韦赛里斯猛地从噩梦中惊醒,剧烈地喘息着。
那顶滚烫的熔化黄金皇冠浇筑在头顶的幻痛,似乎还残留在神经末梢,让他下意识地摸了摸自己的额头。
触手可及的是冷汗和几缕纠结的银发,而不是致命的金液。
这里不是维伊斯·多斯拉克,我也不是那个被卡奥处死的可怜虫。
我是韦赛里斯·坦格利安三世,但灵魂深处,我是一个来自异世界的现代人。
“呼……”
韦赛里斯长出一口气,强迫自己那颗狂跳的心脏平复下来。
他坐起身,破旧的木板床发出“吱呀”的抗议声。
在这个名为“断桨”的廉价旅店里,这已经是最好的房间了,但依然无法阻挡墙角蔓延的霉斑。

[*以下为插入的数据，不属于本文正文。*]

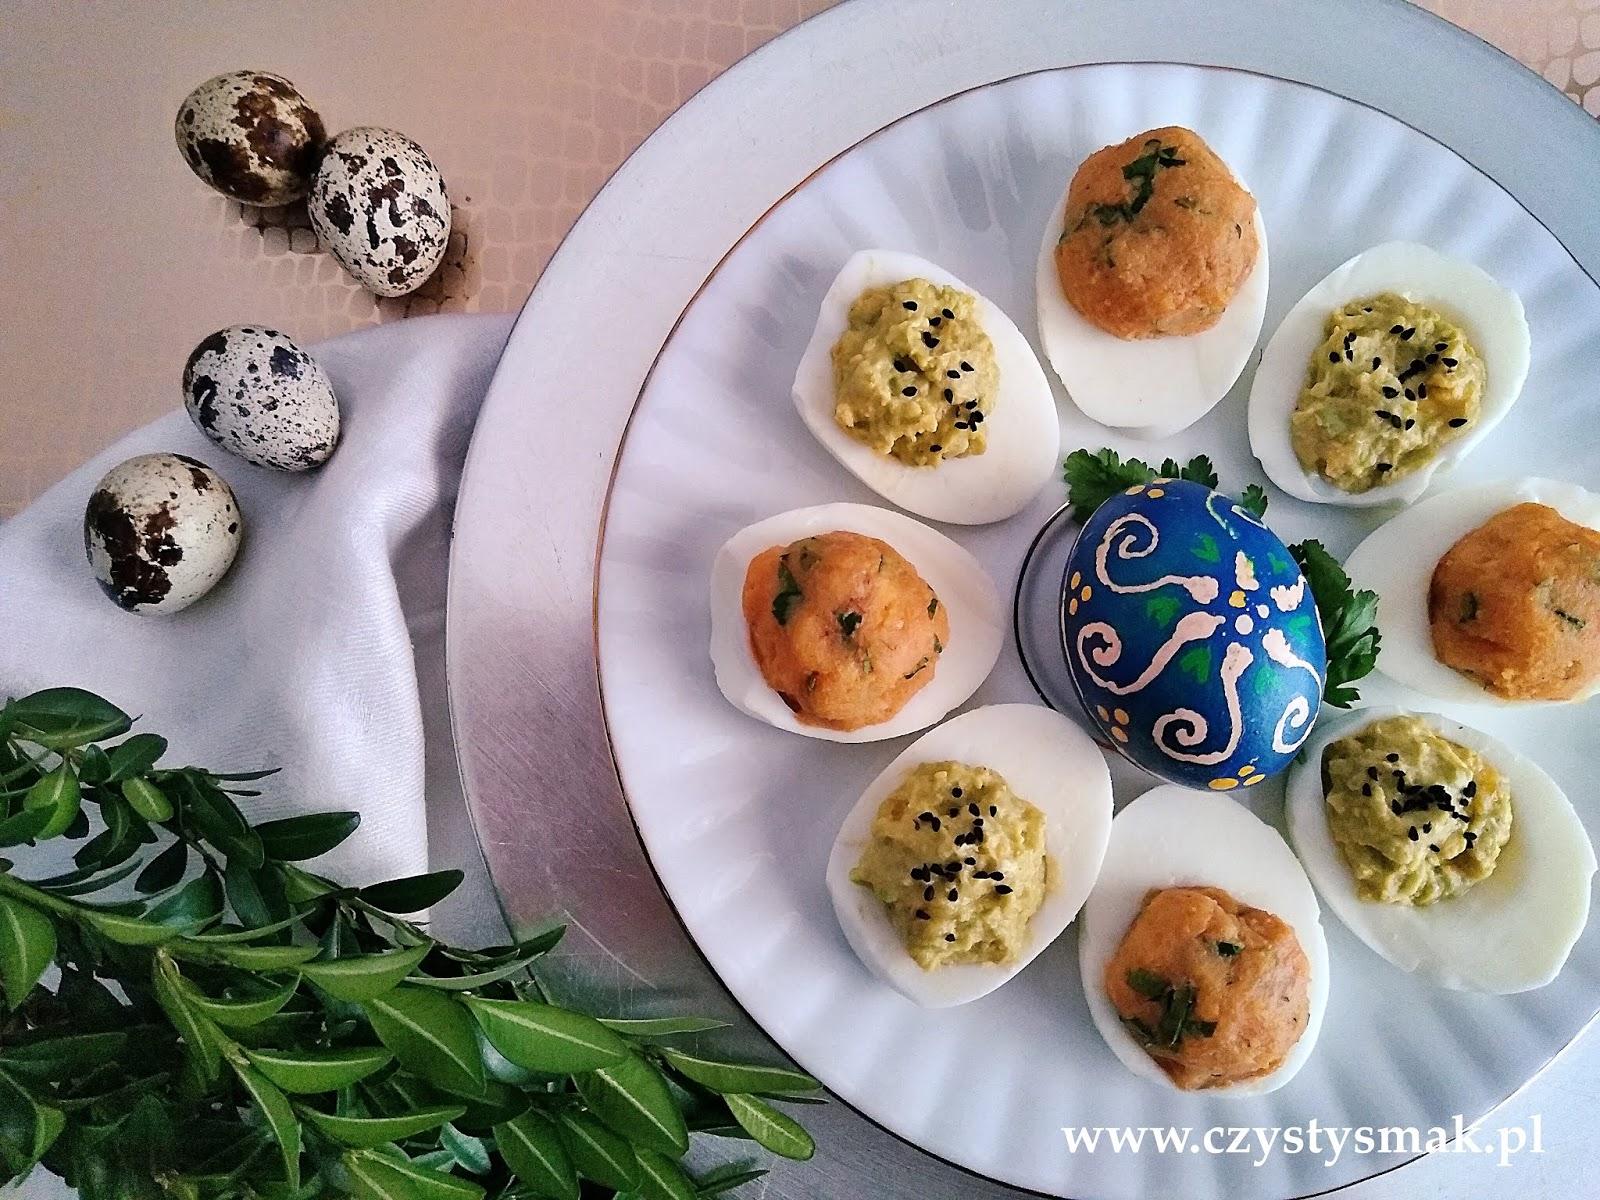 Jajka faszerowane bez majonezu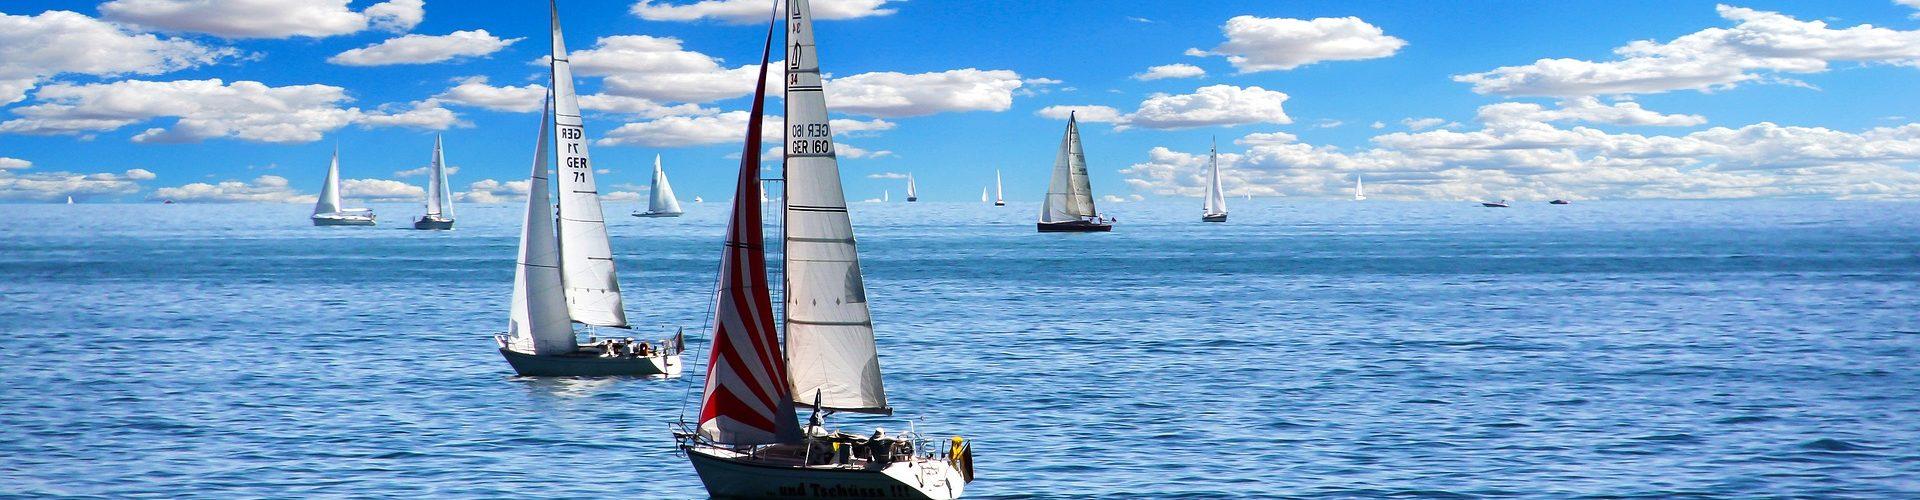 segeln lernen in Wehr segelschein machen in Wehr 1920x500 - Segeln lernen in Wehr

视线投向房间的另一侧,一张更小的行军床上,蜷缩着一个瘦小的身影。
那是丹妮莉丝,现在她瘦得像只没吃饱的小猫,银金色的头发乱蓬蓬地散在枕头上。
她在睡梦中也皱着眉头,似乎随时准备着逃跑。
原着里的韦赛里斯是个被复仇和欲望逼疯的傻瓜,为了军队把妹妹卖给了野蛮人,最后落得个凄惨下场。
“……但我不会。”
韦赛里斯低声自语,声音中透着一股前所未有的决绝。
既然占据了这具身体,拥有了【惊世智慧】这个金手指,我就绝不会重蹈覆辙。
无论是为了生存,还是为了那王座,我都不会出卖唯一的亲人。
他站起身,赤脚踩在粗糙的木地板上,走到房间角落那口早已磨损的木箱前。
这是坦格利安家族最后的家当。
打开箱子,里面空荡得让人心寒。
几件换洗的丝绸旧衣(那是为了维持“乞丐王”最后的体面),一把生锈的匕首,以及……最后的三枚金龙。
“三枚金龙……”
韦赛里斯将金币握在手中,冰冷的金属触感让他清醒。
这点钱在密尔这种销金窟,连维持一周的食宿都困难。
如果被赶出去,那些觊觎瓦雷利亚血统的奴隶贩子,或者劳勃·拜拉席恩派出的刺客,随时会像秃鹫一样扑上来。
脑海中瞬间闪过无数个念头。
密尔以玻璃、蕾丝和透镜闻名。
凭借现代的知识,我有无数种方法改进这里的工艺。
蒸馏高度酒?制造更纯净的玻璃?甚至是火药?
但所有这些都需要启动资金,需要庇护,需要时间。
而现在,我们最缺的就是时间。
那个胖总督伊利里欧·摩帕提斯现在还没有向我们伸出橄榄枝,我们还在流浪的泥潭里挣扎。
“……韦赛里斯?”
身后传来一声怯生生的呼唤。
丹妮莉丝醒了,她揉着紫罗兰色的眼睛,声音带着刚睡醒的沙哑和习惯性的恐惧。
“我们要走了吗?是不是‘篡夺者’的人来了?”
韦赛里斯转过身,看着这个未来会成为“龙之母”的女孩,此刻她只是个无助的孩子。
他收起金币,脸上浮现出一抹尽量温柔的笑容——这对他这具身体原本的面部肌肉记忆来说有些陌生。
“不,丹妮,没有人来。”
他走到她床边,伸手帮她理了理乱发,“睡醒了就起来吧,我们要商量一下怎么在这个该死的城市里活得更好。”
肚子不合时宜地发出“咕噜”一声。
那是丹妮的肚子。
她羞红了脸,低下头去。
“穿好衣服,”韦赛里斯站直身体,眼神变得锐利,“哥哥带你去吃顿饱饭。”
“然后……我们要去见一个人,或者是去做一笔生意。”
他需要利用这最后的三枚金龙,在这个充满谎言与贸易的城市里,撬动第一桶金。
……
晨光透过满是灰尘的窗棂,斑驳地洒在腐朽的地板上。
韦赛里斯站在窗前,手指无意识地摩挲着那枚冰凉的金龙,脑海中那个关于“玻璃与烈酒”的宏伟蓝图正在一点点崩塌。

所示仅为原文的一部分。